4. A SCOUT IS A FRIEND TO ALL, AND A BROTHER TO EVERY OTHER SCOUT, NO MATTER TO WHAT SOCIAL CLASS THE OTHER BELONGS. If a scout meets another scout, even though a stranger to him, he must speak to him, and help him in any way that he can, either to carry out the duty he is then doing, or by giving him food, or, as far as possible, anything that he may be in want of. A scout must never be a SNOB. A snob is one who looks down upon another because he is poorer, or who is poor and resents another because he is rich. A scout accepts the other man as he finds him, and makes the best of him – "Kim," the boy scout, was called by the Indians "Little friend of all the world," and that is the name which every scout should earn for himself.
5. A SCOUT IS COURTEOUS: That is, he is polite to all – but especially to women and children and old people and invalids, cripples, etc.
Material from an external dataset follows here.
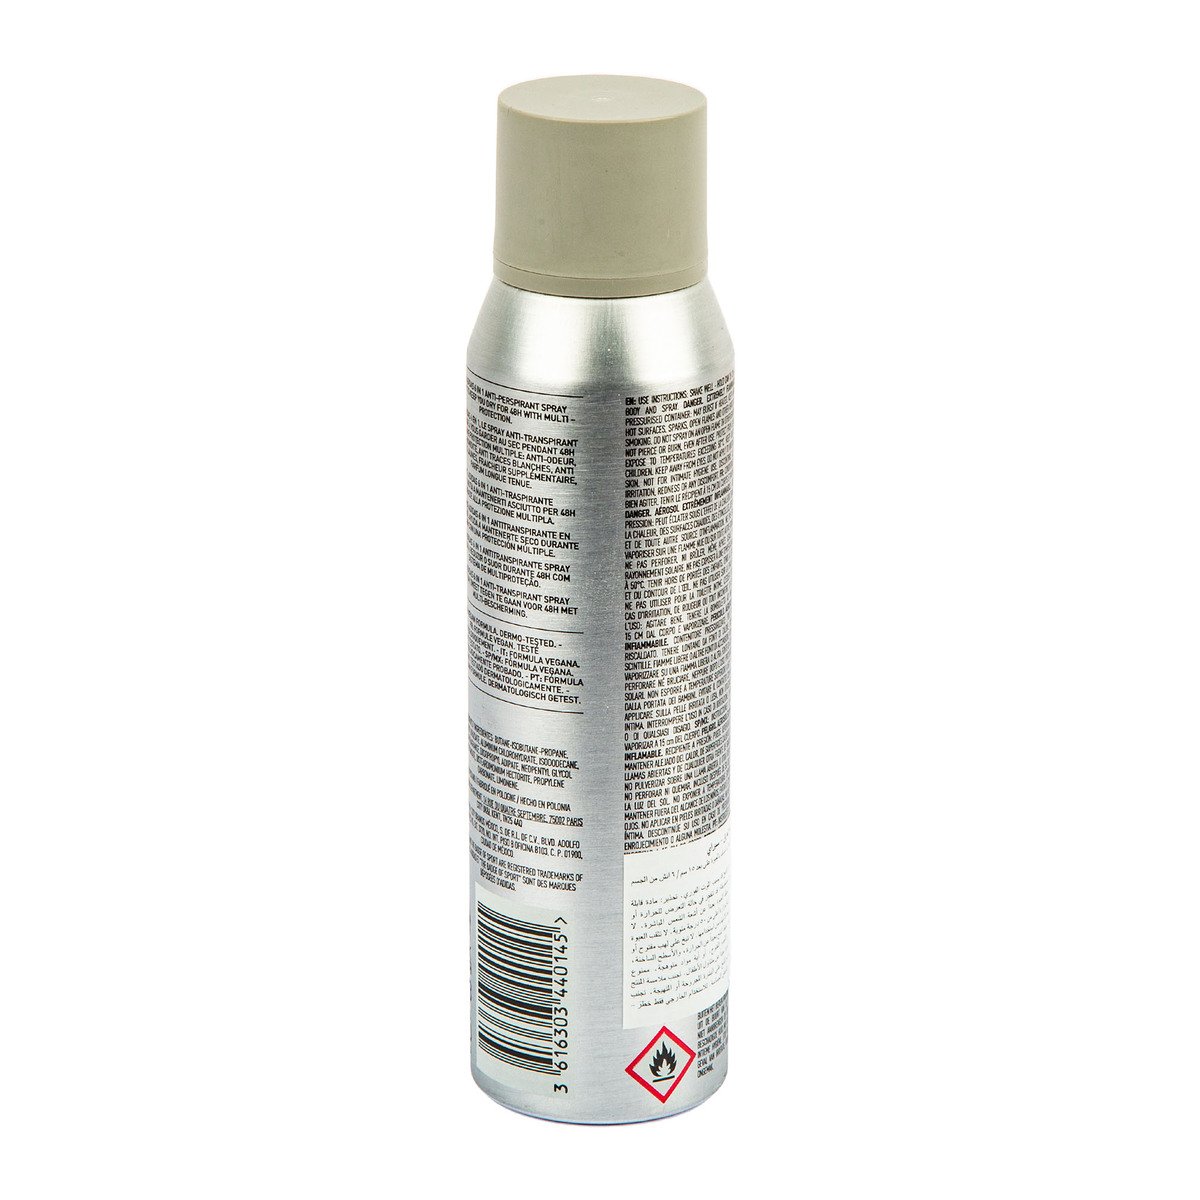 Adidas 6in1 Anti-Perspirant Spray For Men 150 ml

And he must not take any reward for being helpful or courteous.
6. A SCOUT IS A FRIEND TO ANIMALS. He should save them as far as possible from pain, and should not kill any animal unnecessarily, even if it is only a fly – for it is one of God's creatures.
7. A SCOUT OBEYS ORDERS of his patrol-leader, or scout master without question. Even if he gets an order he does not like, he must do as soldiers and sailors do, he must carry it out all the same because it is his duty; and after he has done it he can come and state any reasons against it: but he must carry out the order at once. That is discipline.
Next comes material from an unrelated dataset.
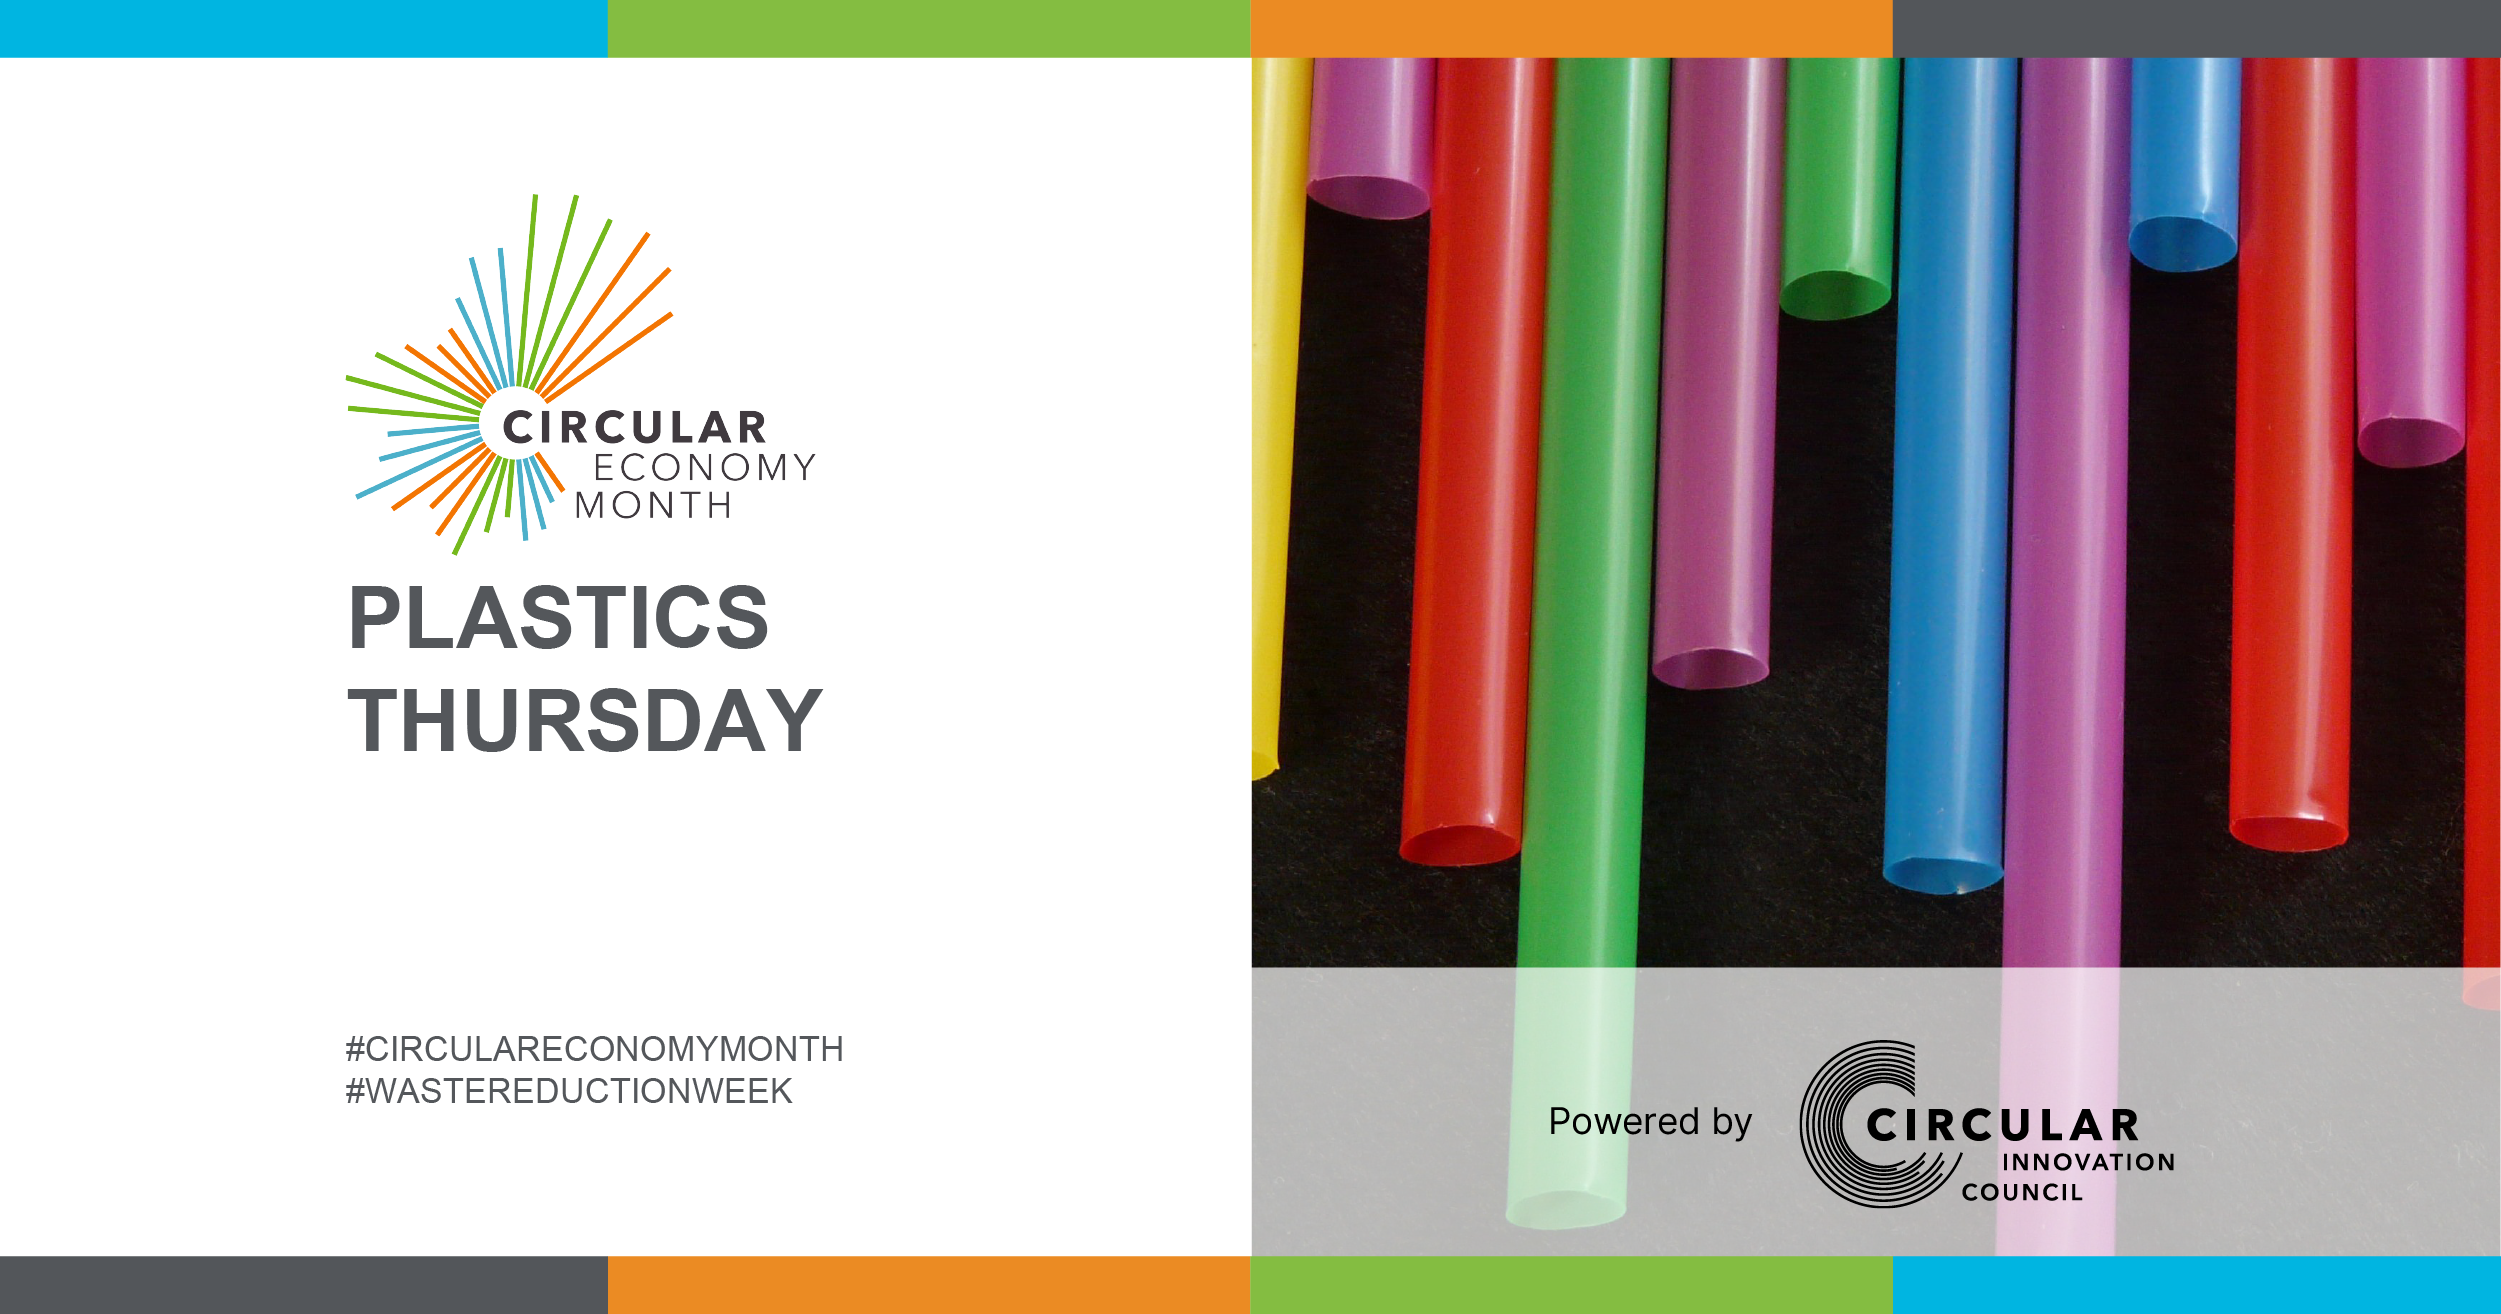 Multicoloured plastic straws. Plastics Thursday. #CircularEconomyMonth #WasteReductionWeek. Circular Economy Month, powered by Circular Innovation Council.

8. A SCOUT SMILES AND WHISTLES under all circumstances. When he gets an order, he should obey it cheerily and readily, not in a slow, hang-dog sort of way. Scouts never grouse at hardships, nor whine at each other, nor swear when put out. When you just miss a train, or some one treads on your favourite corn – not that a scout ought to have such things as corns – or under any annoying circumstances, you should force yourself to smile at once, and then whistle a tune, and you will be all right. A scout goes about with a smile on and whistling. It cheers him and cheers other people, especially in time of danger, for he keeps it up then all the same. The punishment for swearing or bad language is for each offence a mug of cold water to be poured down the offender's sleeve by the other scouts.
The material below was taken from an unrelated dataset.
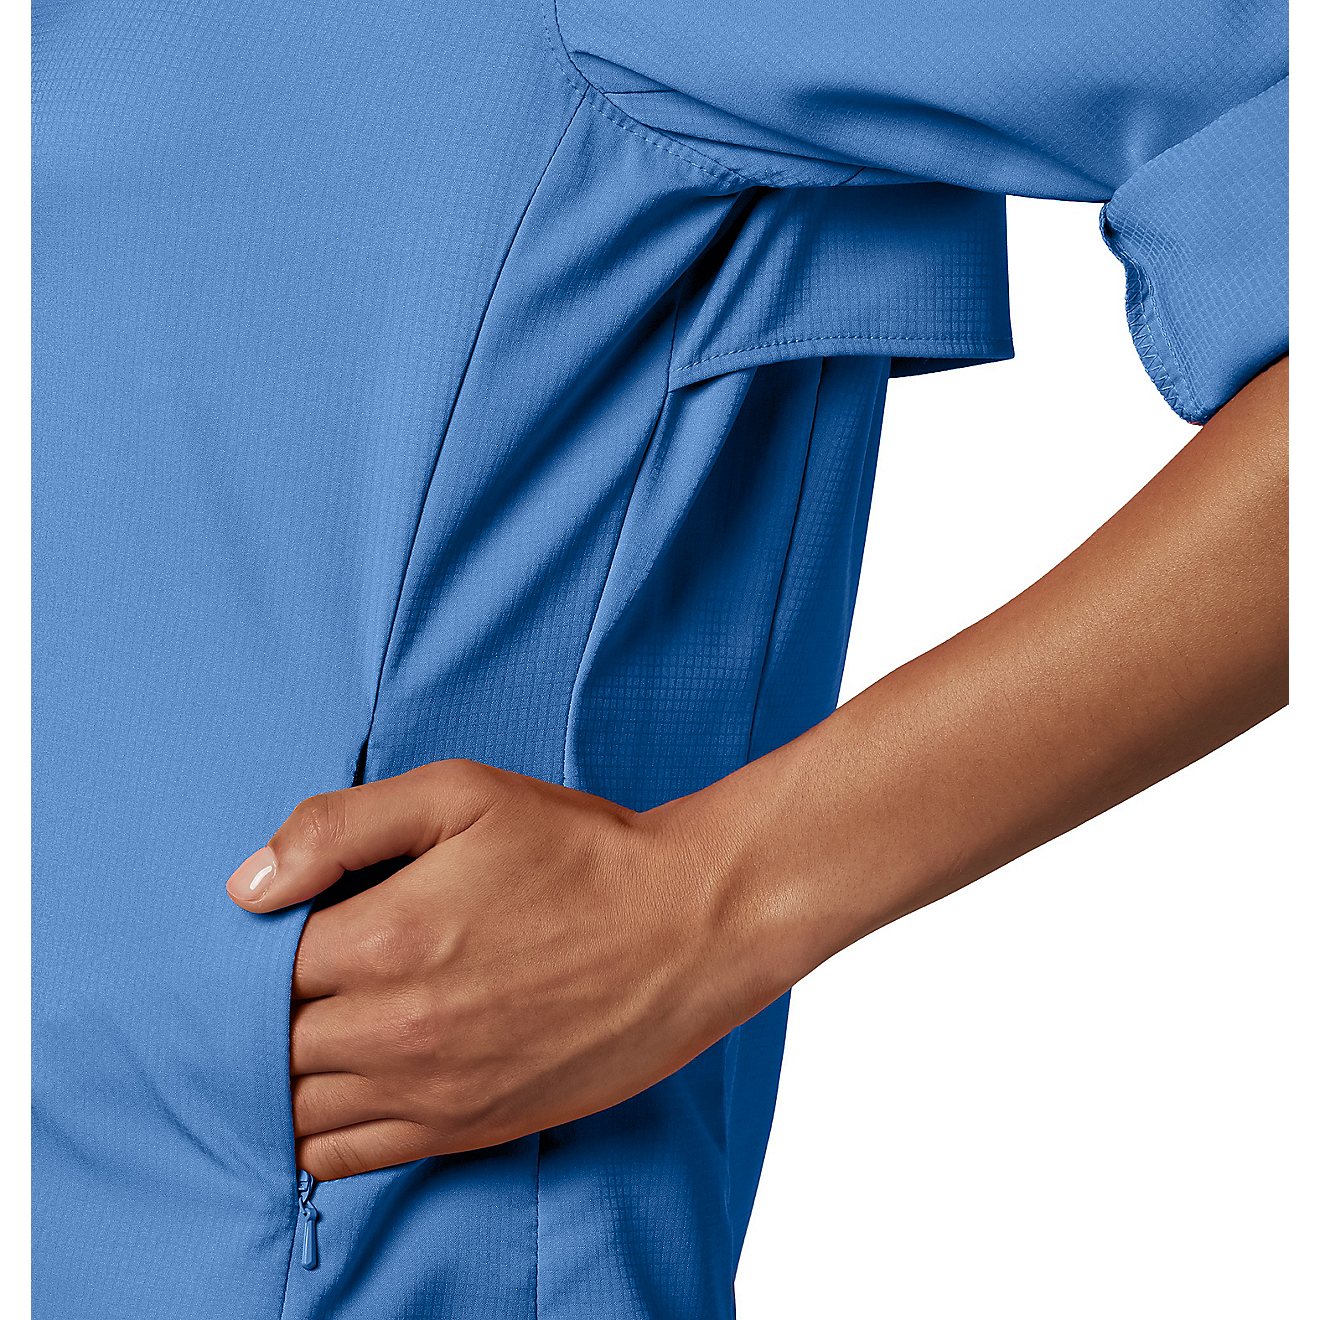 Columbia Sportswear Women's Tamiami Long Sleeve Shirt                                                                            - view number 5

9. A SCOUT IS THRIFTY, that is, he saves every penny he can, and puts it in the bank, so that he may have money to keep himself when out of work, and thus not make himself a burden to others; or that he may have money to give away to others when they need it.

==Editions==
These were written for the Scouts in the whole world, yet of course first focused on Scouting in the United Kingdom. As other groups started up Scouting organizations (often in other countries), each modified the laws, for instance 'loyal to the King' would be replaced by alternative text appropriate for each country.

During the years, Baden-Powell himself edited the text numerous times, notably in 1911 adding:
- A SCOUT IS CLEAN IN THOUGHT, WORD AND DEED. Decent Scouts look down upon silly youths who talk dirt, and they do not let themselves give way to temptation, either to talk it or to do anything dirty. A Scout is pure, and clean-minded, and manly.